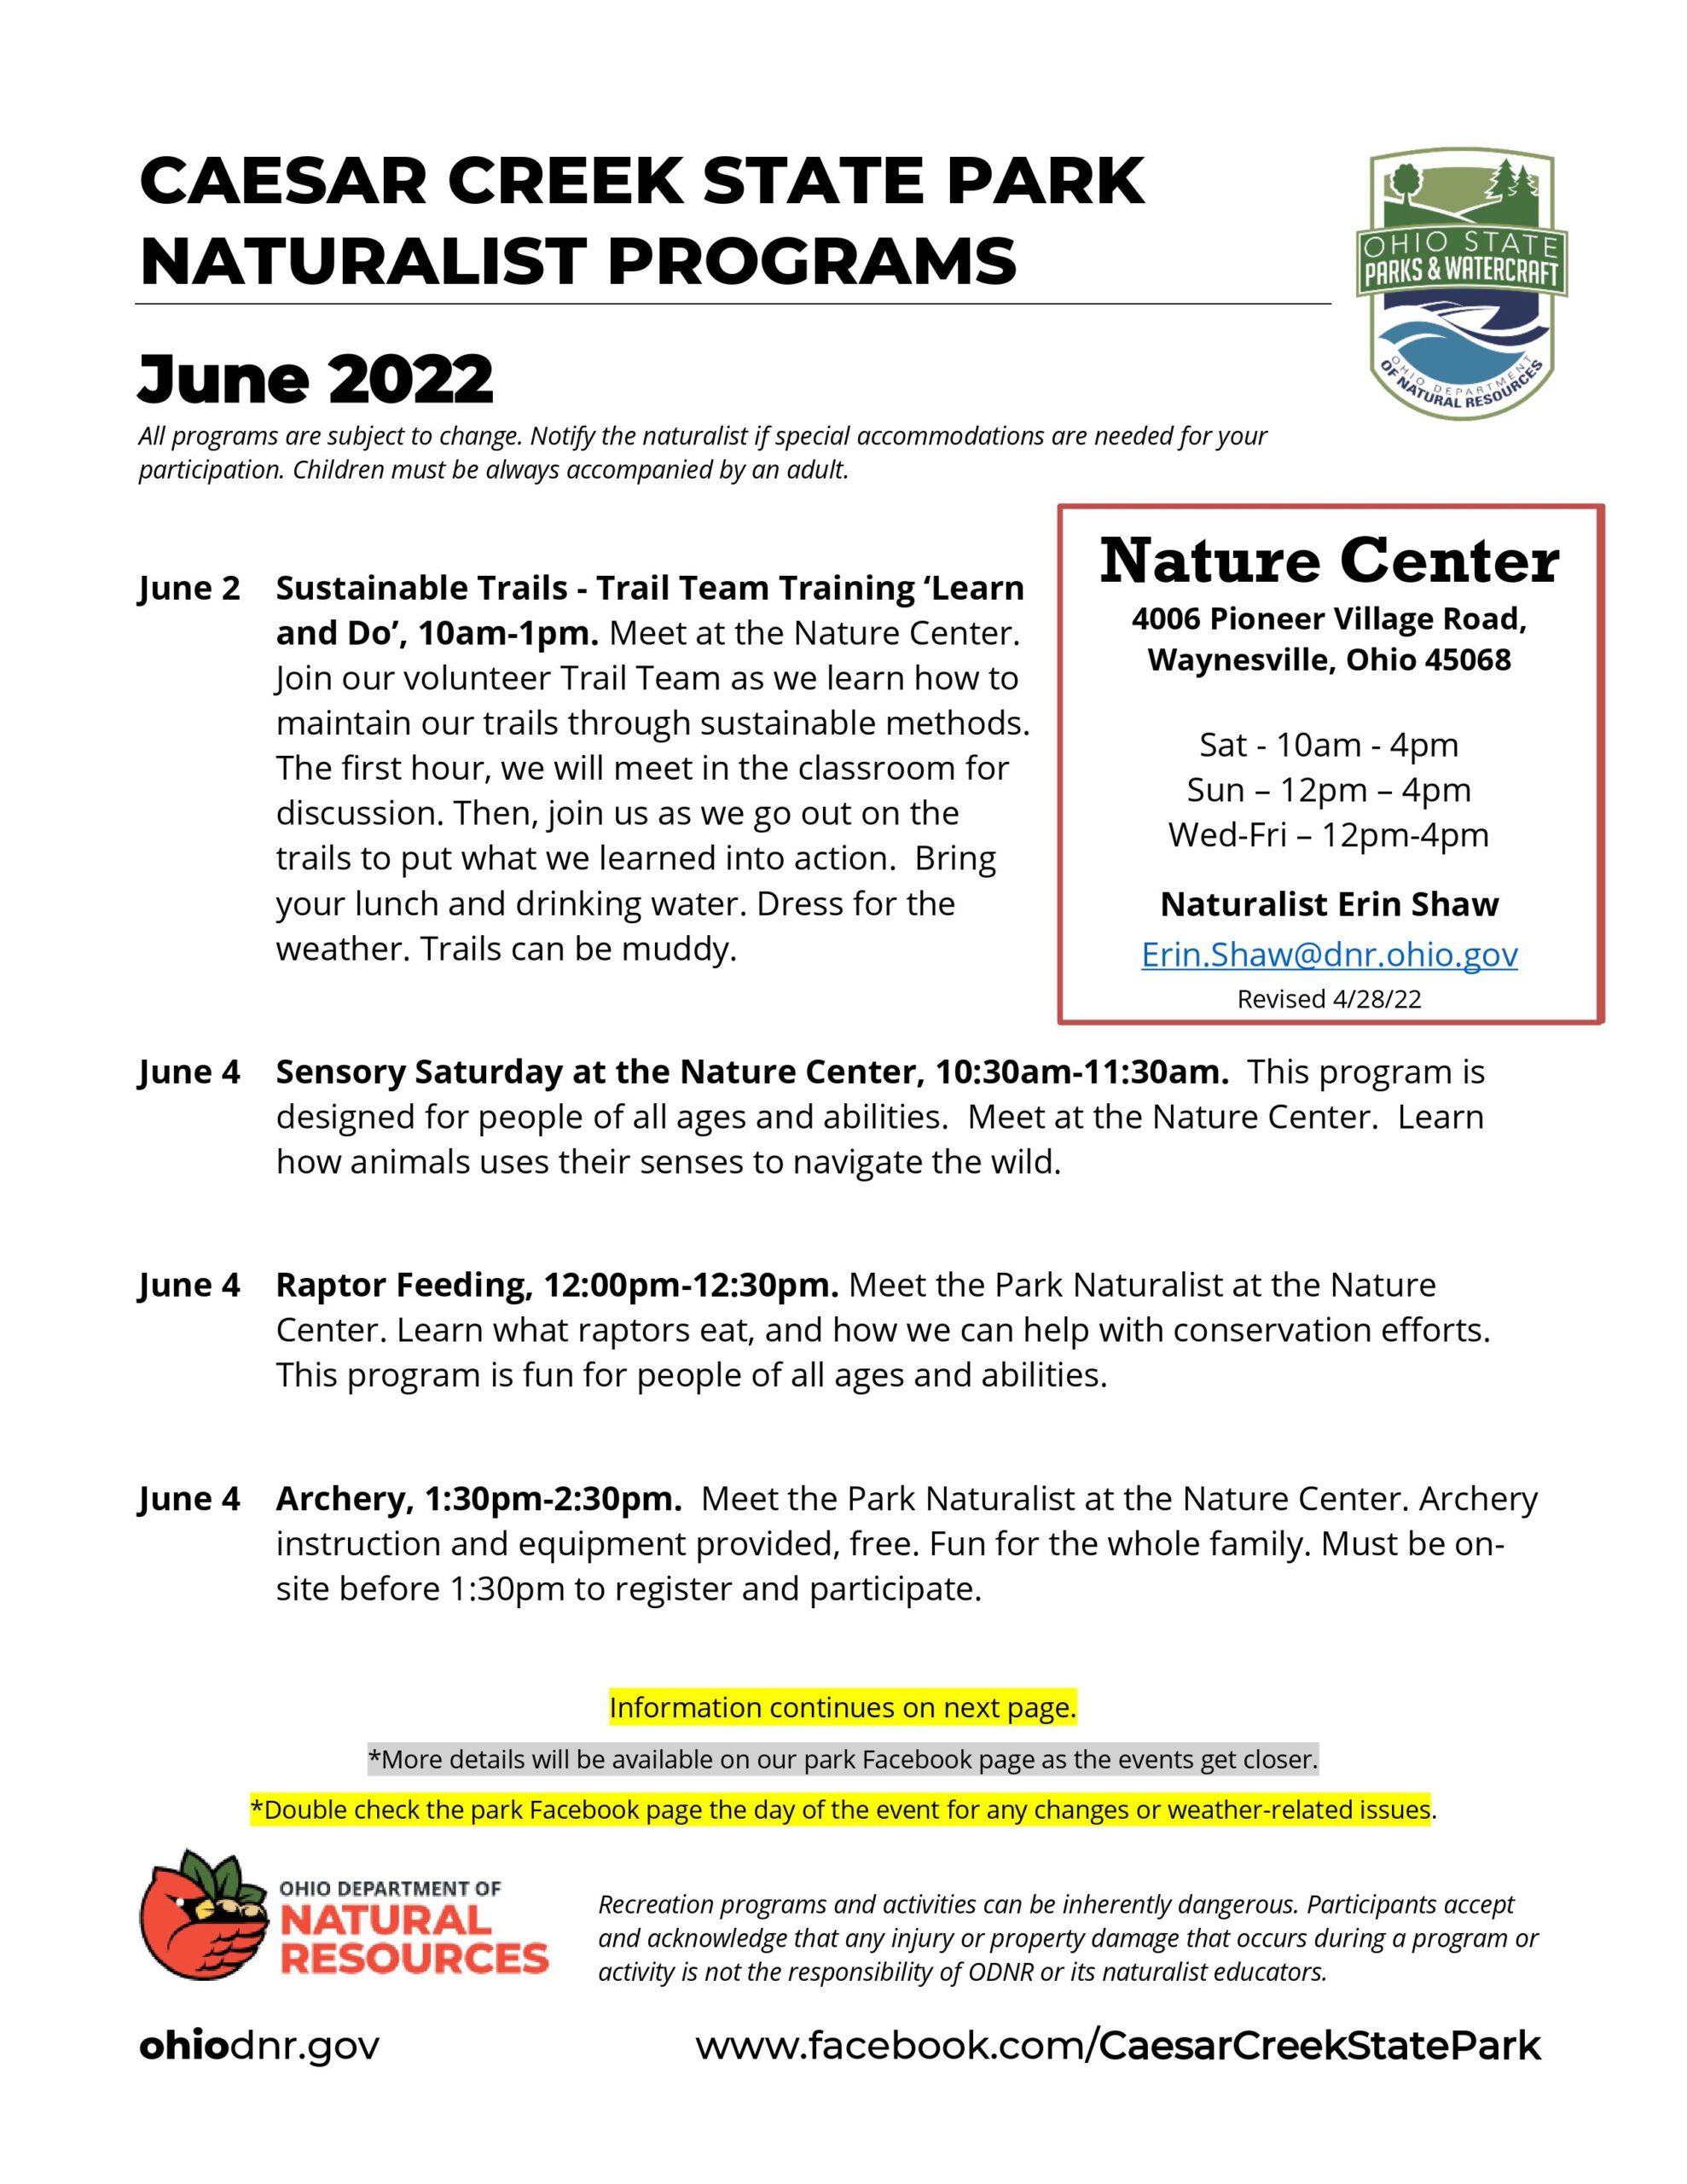 June 2022 Programs1
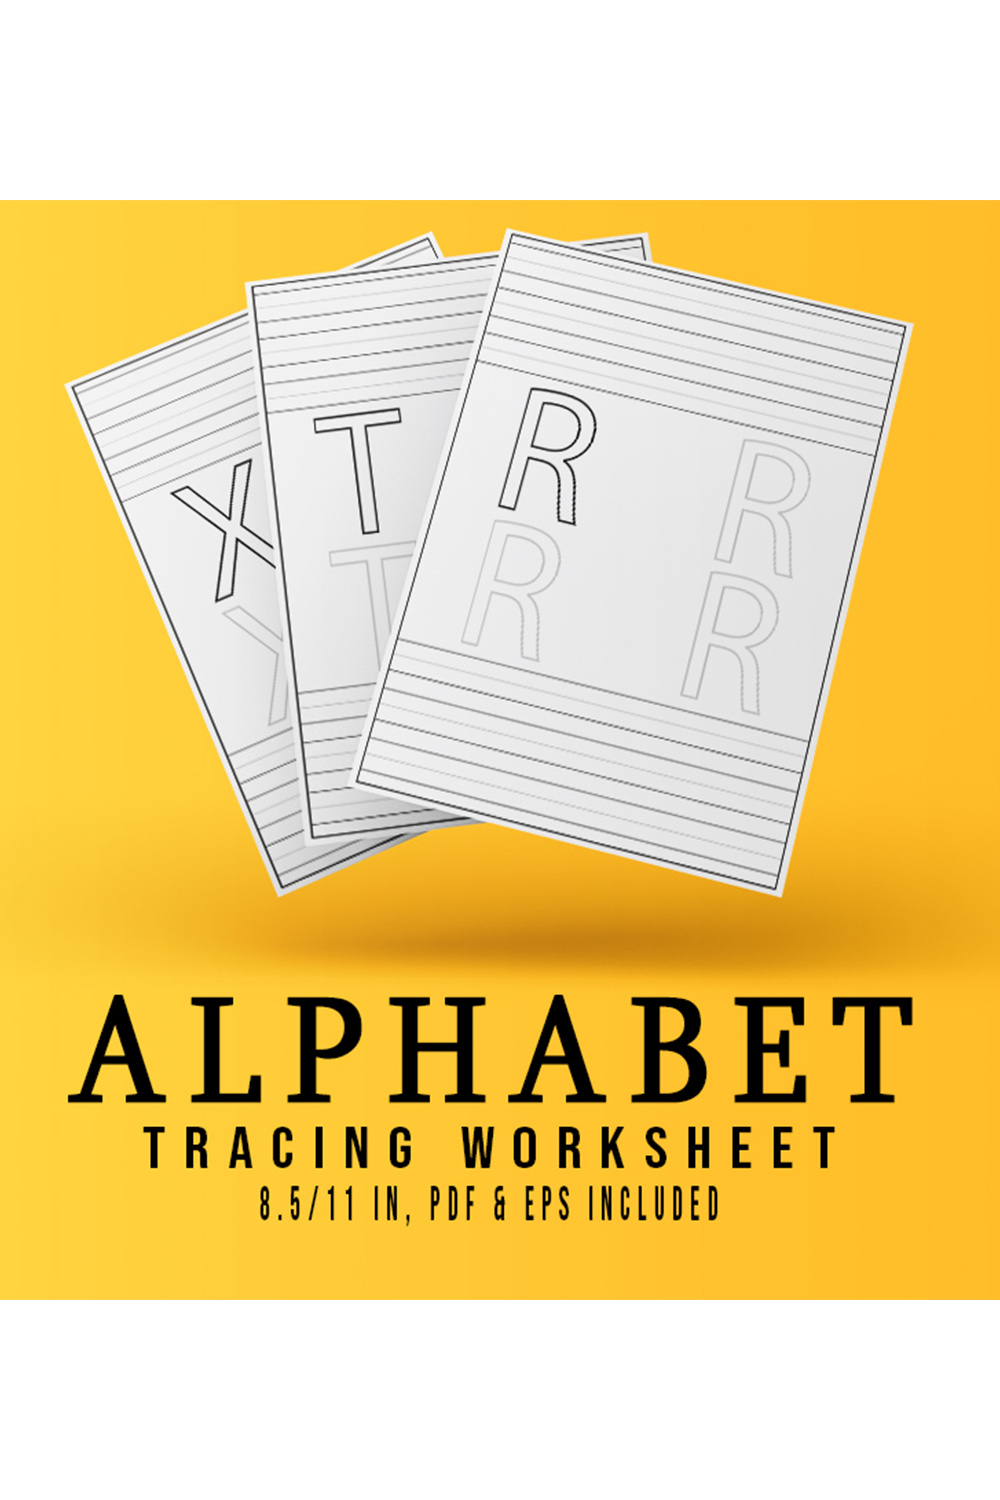 Alphabets A to Z Words Tracing Worksheets Bundle pinterest image.
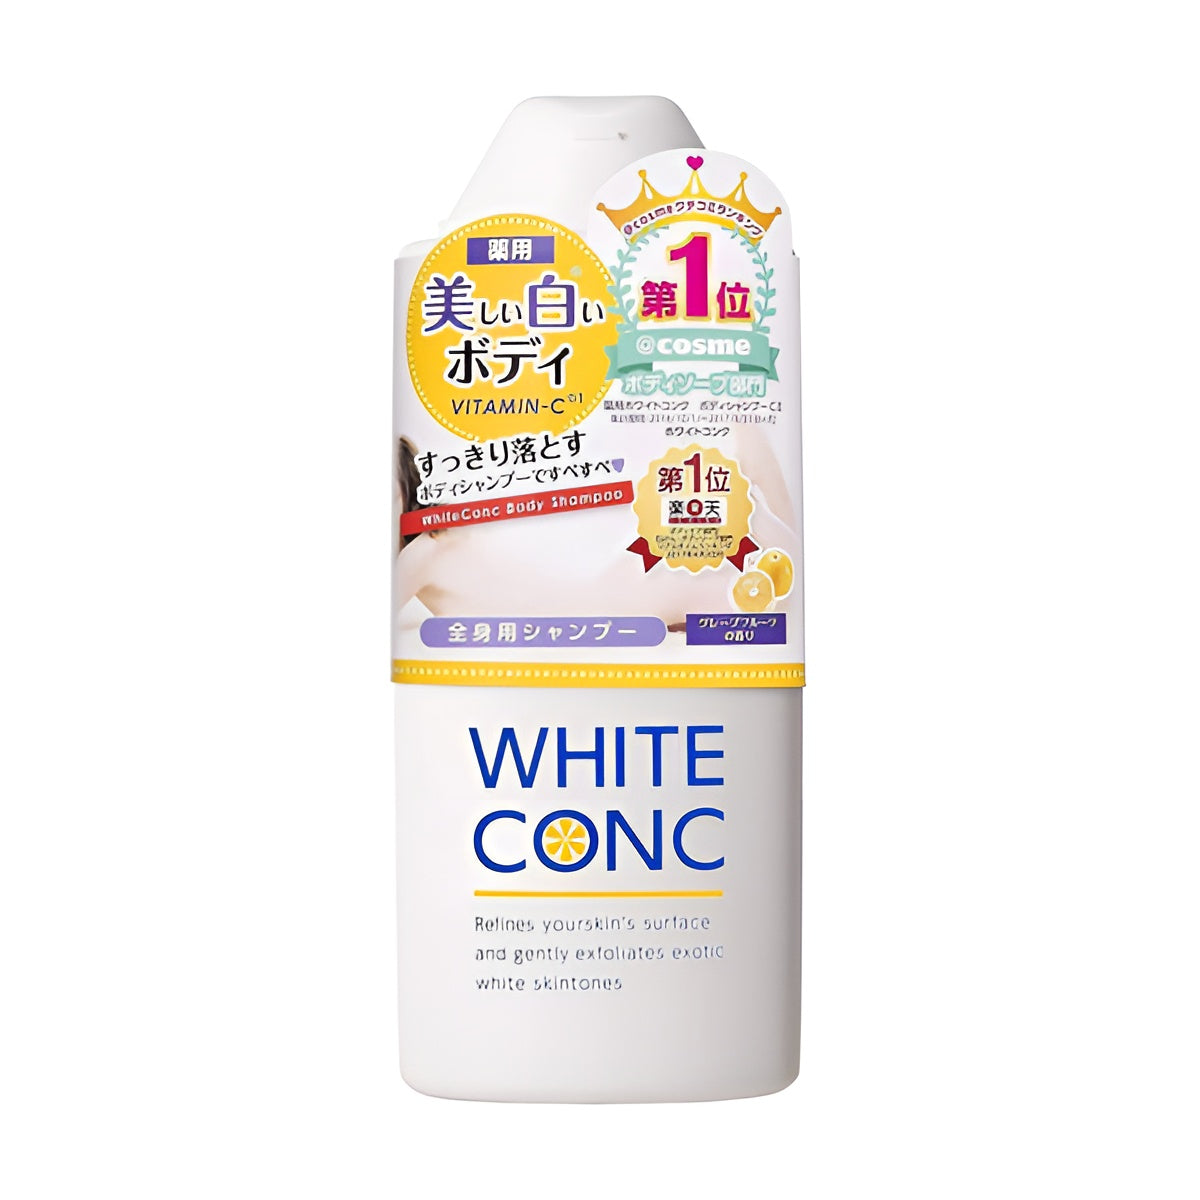 White Conc | Body Shampoo 360ml

◇ ◇ ◇ ◇ ◇

## ABOUT THIS EXERCISE
The answer must consist solely of the lines from the one with "Alphabets A to" through the final line of the data, each reproduced exactly and with pictures omitted.

## RESULT OF THIS EXERCISE
 Alphabets A to Z Words Tracing Worksheets Bundle pinterest image.
 White Conc | Body Shampoo 360ml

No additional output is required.